The Scriptorium

...Therefore...

Guard against whatever divides. Titus 3.9-11

Titus 3


Pray Psalm 115.3-8.

But our God is in heaven;
He does whatever He pleases.
Their idols are silver and gold,
The work of men’s hands.
They have mouths, but they do not speak;
Eyes they have, but they do not see;
They have ears, but they do not hear;
Noses they have, but they do not smell;
They have hands, but they do not handle;
Feet they have, but they do not walk;
Nor do they mutter through their throat.
Those who make them are like them;
So is everyone who trusts in them.

Read Titus 3.9-11.

Prepare.
1. Why are disputes and divisive people to be avoided?

2. How can you keep from becoming a divisive person yourself?

Meditate.
Whatever threatens or disrupts the peace and health of the local congregation is not to be tolerated (cf. Tit. 1.10, 11). Those who have come to faith in Jesus Christ and begun to associate with other believers in the Body of Jesus Christ do not cease to be sinners (1 Jn. 1.8). Therefore, we must be ever on guard against whatever threatens the health of the Body, and must work hard to maintain the unity of the Spirit in the bonds of peace (Eph. 4.3).

Divisive issues change from age to age; however, Paul commands pastors to guard their flocks against whatever controversies, quarrels, and divisions that may be hurtful to congregational life and health, and to remove from the congregation any who persists in pressing such matters.

Paul consistently urged congregations and leaders to guard against whatever divides the Body of Christ (cf. Eph. 2; Rom. 16, 1 Tim. 1). There is one Body of Christ, and the oneness which church members are able to maintain, when everywhere the world is divided and at odds, bears strong testimony to the reality of Christ’s incarnation and salvation (Jn. 17.21).

How it must grieve the Lord, therefore, to see divisions within churches and between churches in a given community. In the age of redemption, the Church must constantly work against whatever divides and for whatever unites, never veering off course from the path of sound doctrine and the Gospel of the Kingdom.

As on the island of Crete, so in the communities of our nation, churches are not “in order” until they begin to manifest more consistently the oneness we have in Jesus Christ. This, too, is the duty of pastors and church leaders.


Reflect.
1. What is church unity? Why is it so important? Why is it so difficult to attain?

2. What issues or debates threaten the unity of local churches in our day? How can we deal with these so that they don’t divide us?

3. What sorts of conversations and discussions are profitable and useful for local churches?

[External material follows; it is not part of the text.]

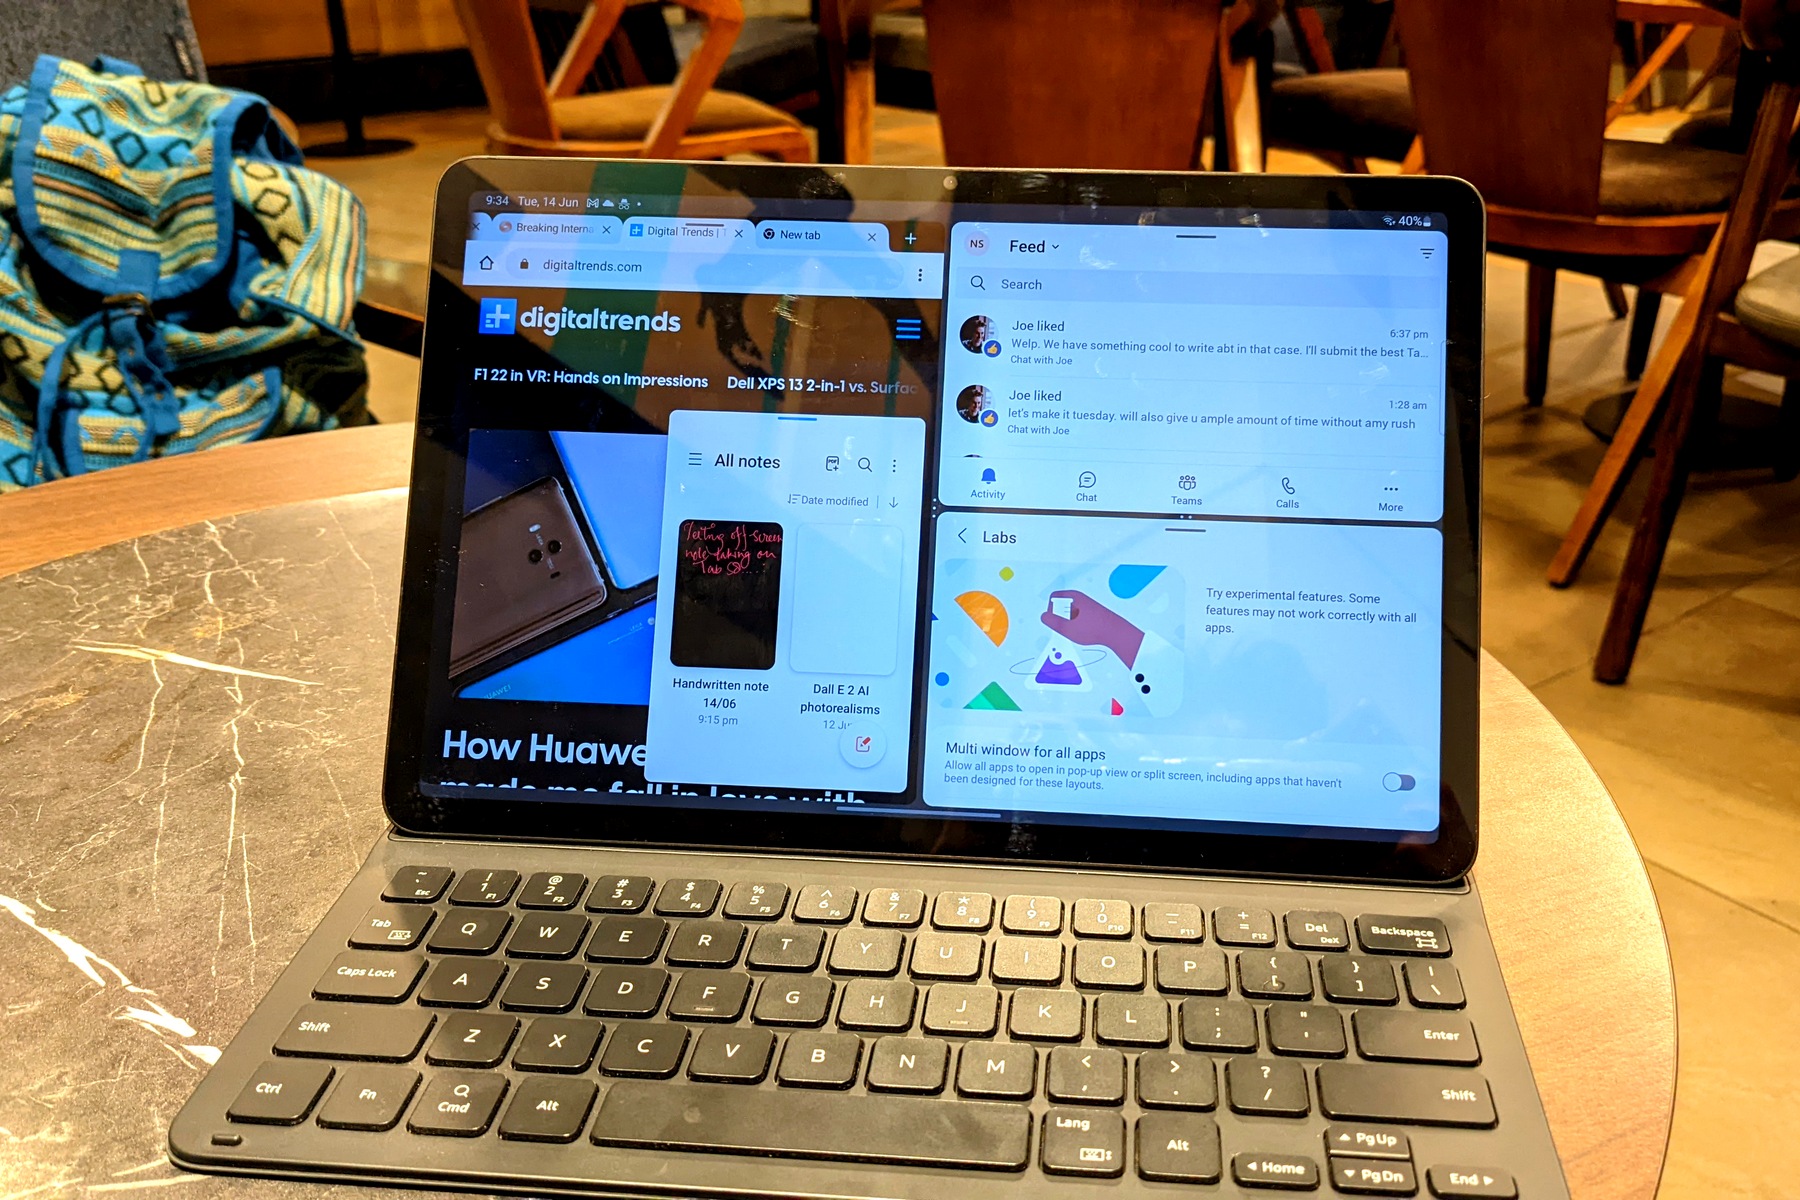 Samsung Galaxy Tab S8 and S8 Plus hands-on: A potent pair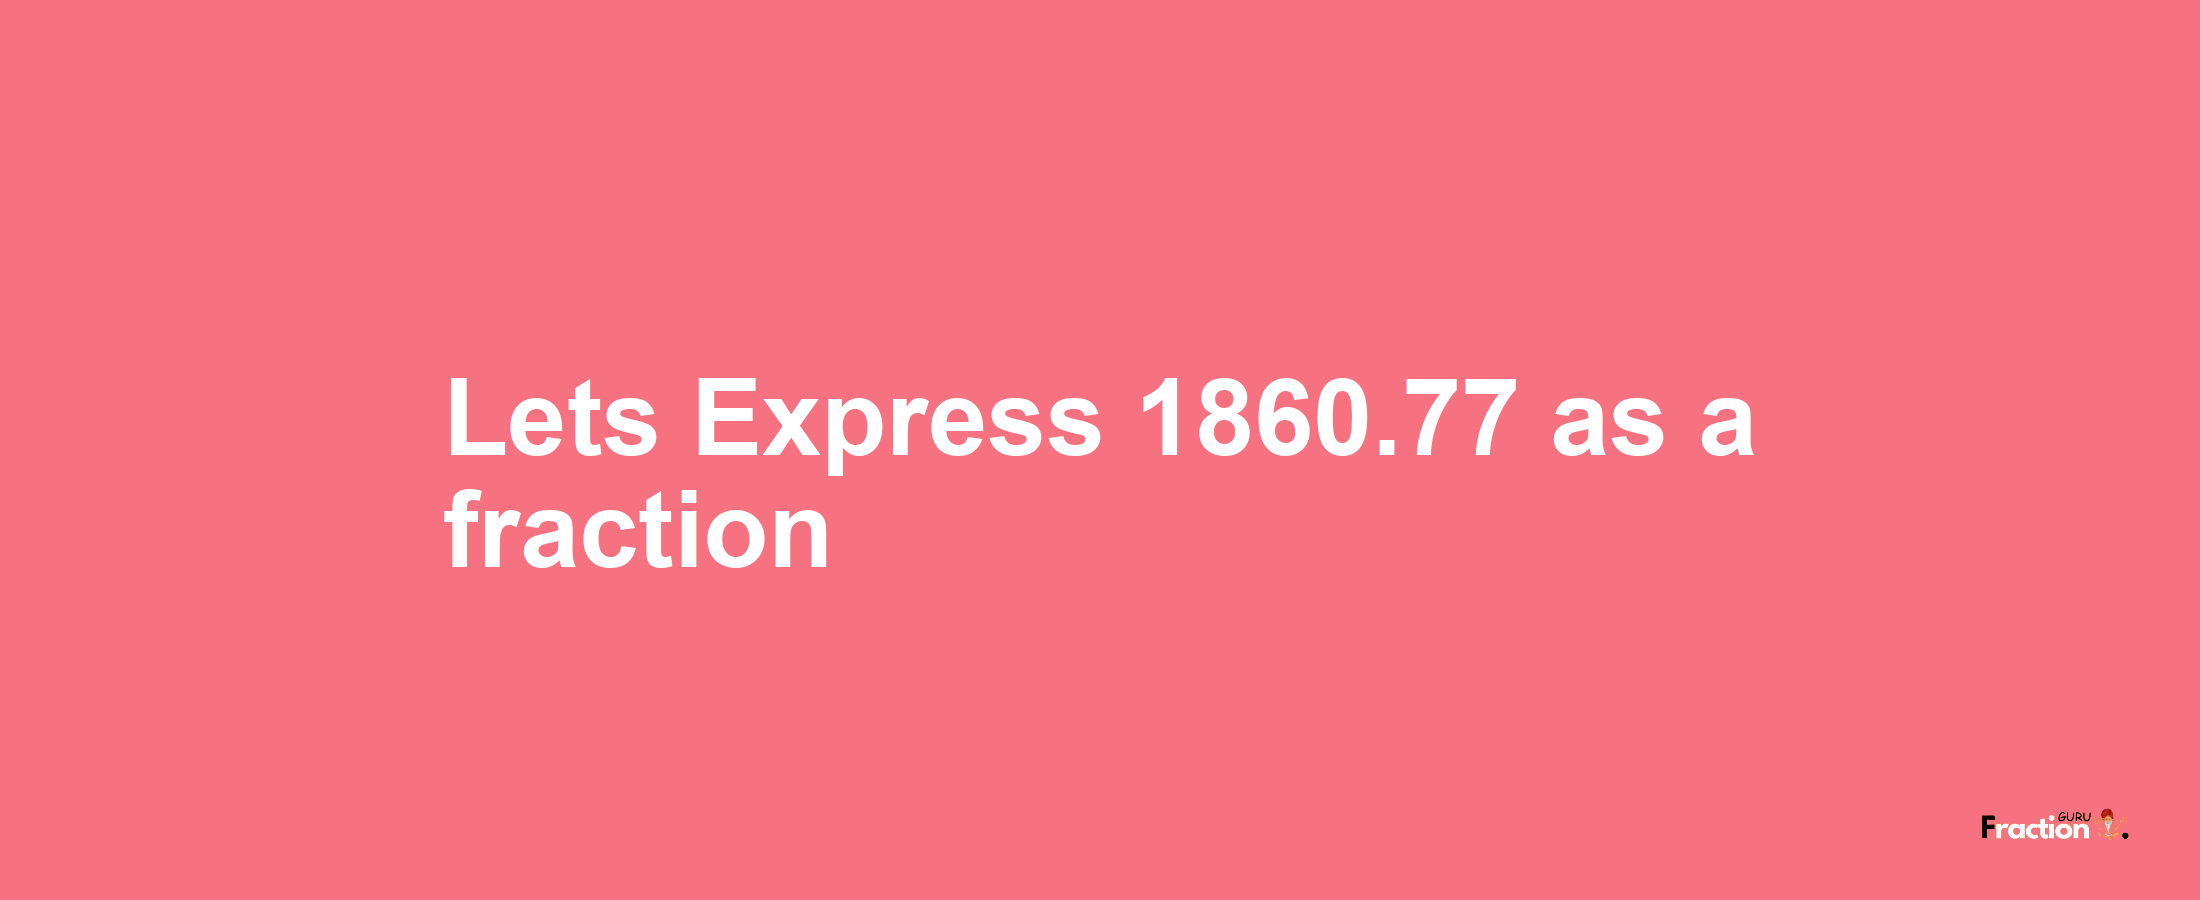 Lets Express 1860.77 as afraction

In doctrine, therefore, we should always have regard to usefulness, so that everything that does not contribute to godliness. shall be held in no estimation. John Calvin (1509-1564), Commentary on Titus 3

Lord, let me not become a divisive person, but one who works to unite brethren in peace. Today, use me for unity in our church as I…

Pray Psalm 115.1-8.
Disputes, contentions, arguments, doctrinal hobby-horses, divisions, self-vaunting – these, and much more can become idols that rob us of true faith. Wait on the Lord to search you, and pray that He will guard you against keeping any idols in your soul.

Sing Psalm 115.1-8.
Psalm 115.1-8 (Plainfield: Nothing But the Blood of Jesus)
Not to us, O God, not us, but unto Your Name give glory!
For Your love and faithfulness, ever to Your Name be glory!
Why should the nations cry, "Where is their God on high?"
You rule us, Lord, on high: Ever to Your Name be glory!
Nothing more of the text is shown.